Smol pointed out the article itself states: "Whether this happened or not is an issue for religion scholars, archeologists, anthropologists, and believers to decide on."
Nof's co-authors are biostatistics professor Ian McKeague of Columbia University and atmospheric science professor Nathan Paldor of Hebrew University of Jerusalem.
They came up with the theory after studying records of long-ago water temperatures in the Mediterranean Sea based on core samples of shells and other animal remains taken from the bottom.
The records indicated two lengthy periods between 2,500 and 1,500 years ago were chilly enough during brief cold spells to form springs ice surrounded by open water on the Sea of Galilee, said Nof, a native of Israel.
The unfrozen water would have come from salty springs along the lake's western shore in Tabgha, an area archaeological findings related to Jesus have been documented. It takes colder temperatures to freeze salty water than fresh water.
Nof has calculated the odds of such conditions occurring are about once in 1,000 years, but during Jesus' time the cooler climate may have favored more frequent formations of ice springs -- about once in 30 to 160 years.

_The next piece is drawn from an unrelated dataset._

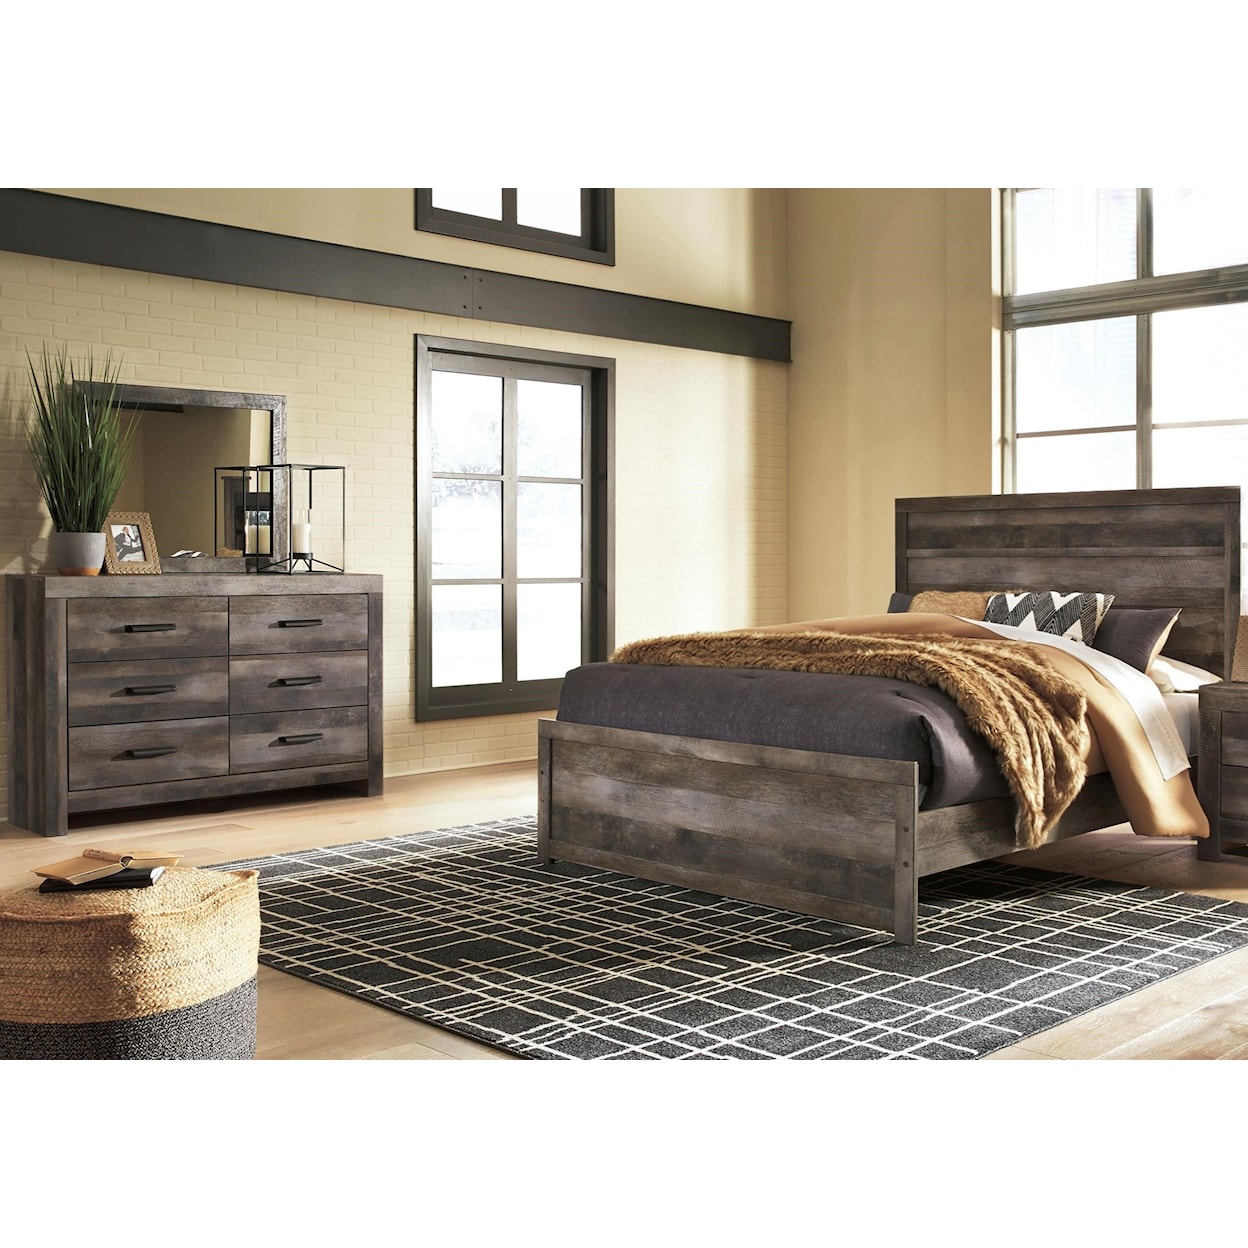 Signature Design by Ashley Wynnlow 5pc Queen Bedroom Group

University of Manitoba geologist W.M. Last, the Journal of Paleolimnology's other coeditor, said it is a new approach to studying ancient lake temperatures and has potential for similar studies of other lakes.
Nof and his co-authors are nonbelievers, but he denied they set out to debunk the walking-on-water story.
"This is just what we say could have happened," Nof said. "How that fits into an individual's system of beliefs, I don't know."